Here is the initial query :
select
method,
sum(payment_id) as payment_id,
sum(status) as status,
sum(allowEmailContact) as allowEmailContact,
sum(allowPhoneContact) as allowPhoneContact,
sum(totalReservations) as totalReservations
from
(SELECT
RES.method, count(*) as payment_id,
'' as status, '' as complete_data,
'' as allowEmailContact, '' as allowPhoneContact,
'' as totalReservations
FROM
Customer CUS
INNER JOIN
Reservation RES ON CUS.id = RES.customerId
WHERE
(RES.created > '2015-05-31 23:59' and RES.created <= '2015-06-15
23:59')
AND RES.payment_id IS NOT NULL
AND scope_id = 1
GROUP BY
RES.method
UNION ALL
etc
etc
) AS results
GROUP BY
method
(I used : "etc, etc, etc" to replace a large part of the query; I assume there is no need to write the entire code, as it is very long. But, the gist is clear)
This query worked just fine.
However, I need an extra field -- a field for those customers whose data are "clean" --- meaning : trimmed, purged of garbage characters (like : */?"#%), etc.
I have a query that does that.
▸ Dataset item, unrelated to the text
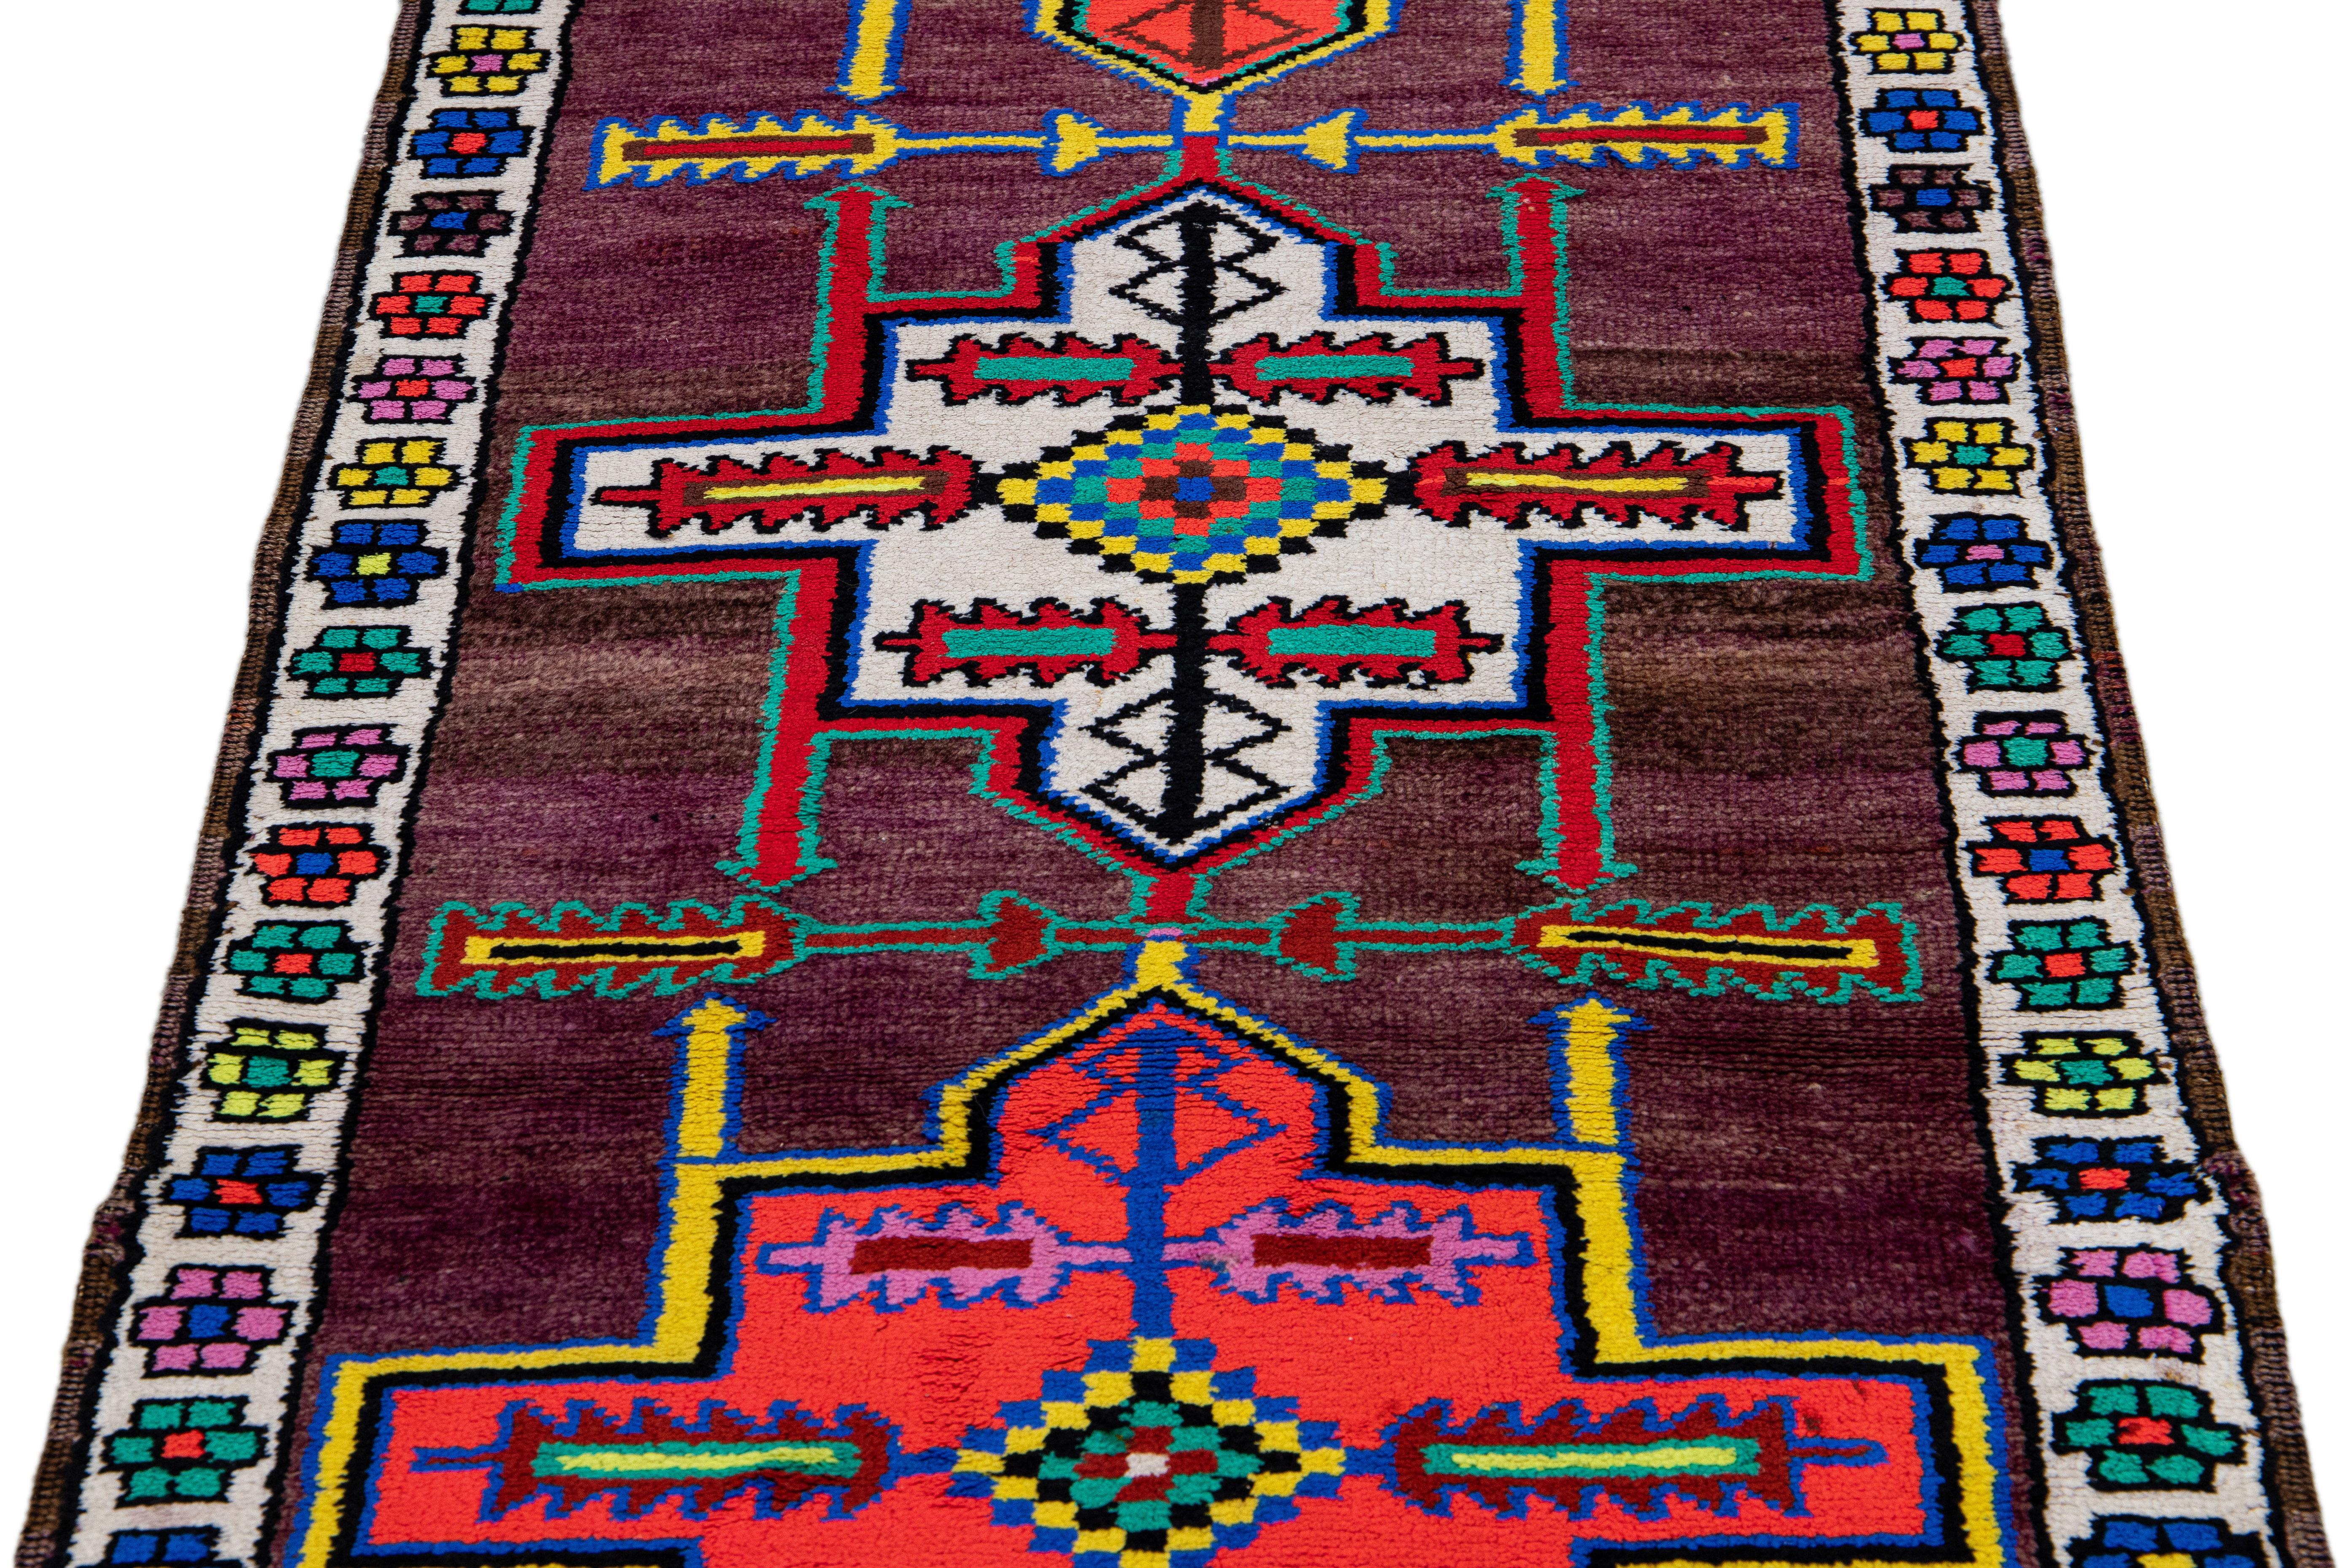 Beautiful vintage Turkish hand-knotted wool rug with a purple field. This rug has a white designed frame and multicolor accents in a gorgeous all-over geometric tribal design.

This rug measures: 2'10

But, the problem is: how to insert this query into my already existing query, so I can create that extra column?
This is the query I am using to "clean" customer data :
select *
from dbo.Customer
where
Len(LTRIM(RTRIM(streetAddress))) > 5 and
Len(LTRIM(RTRIM(streetAddress))) <> '' and
(Len(LTRIM(RTRIM(streetAddress))) is not null and
Len(LTRIM(RTRIM(postalCode))) = 5 and postalCode <> '00000' and
postalCode <> '' and Len(LTRIM(RTRIM(postalCode))) is not null and
Len(LTRIM(RTRIM(postalOffice))) > 2 and
phone <> '' and Len(LTRIM(RTRIM(email))) > 5 and
Len(LTRIM(RTRIM(email))) like '#' and
Len(LTRIM(RTRIM(firstName))) > 2 and Len(LTRIM(RTRIM(lastName))) > 2) and
Len(LTRIM(RTRIM(firstName))) <> '-' and Len(LTRIM(RTRIM(lastName))) <> '-' and
Len(LTRIM(RTRIM(firstName))) is not null and
Len(LTRIM(RTRIM(lastName))) is not null
etc, etc
This query works fine on its own.
But, how to INSERT it into the initial query, to create a separate field, where I can get the TOTAL of those customers who meet this "clean" criteria?
I tried it like this :
select
method,
sum(payment_id) as payment_id,
sum(status) as status,
SUM((select *
from dbo.Customer
where
Len(LTRIM(RTRIM(streetAddress))) > 5 and
Len(LTRIM(RTRIM(streetAddress))) <> '' and
(Len(LTRIM(RTRIM(streetAddress))) is not null and
Len(LTRIM(RTRIM(postalCode))) = 5 and
postalCode <> '00000' and postalCode <> '' and
Len(LTRIM(RTRIM(postalCode))) is not null and
Len(LTRIM(RTRIM(postalOffice))) > 2 and phone <> '' and
Len(LTRIM(RTRIM(email))) > 5 and
Len(LTRIM(RTRIM(email))) like '#' and
Len(LTRIM(RTRIM(firstName))) > 2 and
Len(LTRIM(RTRIM(lastName))) > 2) and
Len(LTRIM(RTRIM(firstName))) <> '-' and
Len(LTRIM(RTRIM(lastName))) <> '-' and
Len(LTRIM(RTRIM(firstName))) is not null and
Len(LTRIM(RTRIM(lastName))) is not null) ) as clean_data,
sum(allowEmailContact) as allowEmailContact, sum(allowPhoneContact) as allowPhoneContact,
sum(totalReservations) as totalReservations
from
(SELECT
RES.method, count(*) as payment_id, '' as status,
'' as complete_data, '' as allowEmailContact,
'' as allowPhoneContact, '' as totalReservations
FROM Customer CUS
INNER JOIN Reservation RES ON CUS.id = RES.customerId
WHERE (RES.created > '2015-05-31 23:59' and RES.created <= '2015-06-15
23:59')
AND RES.payment_id is not null and scope_id = 1
GROUP BY RES.method
UNION ALL
etc
etc
etc
and it gave me that "aggregate" error.
SELECT COUNT(*) instead of SUM(), also, the WHERE Clause to clean the data is awful. There has to be a better way. Maybe mark the rows as clean when they're updated or as a batch job?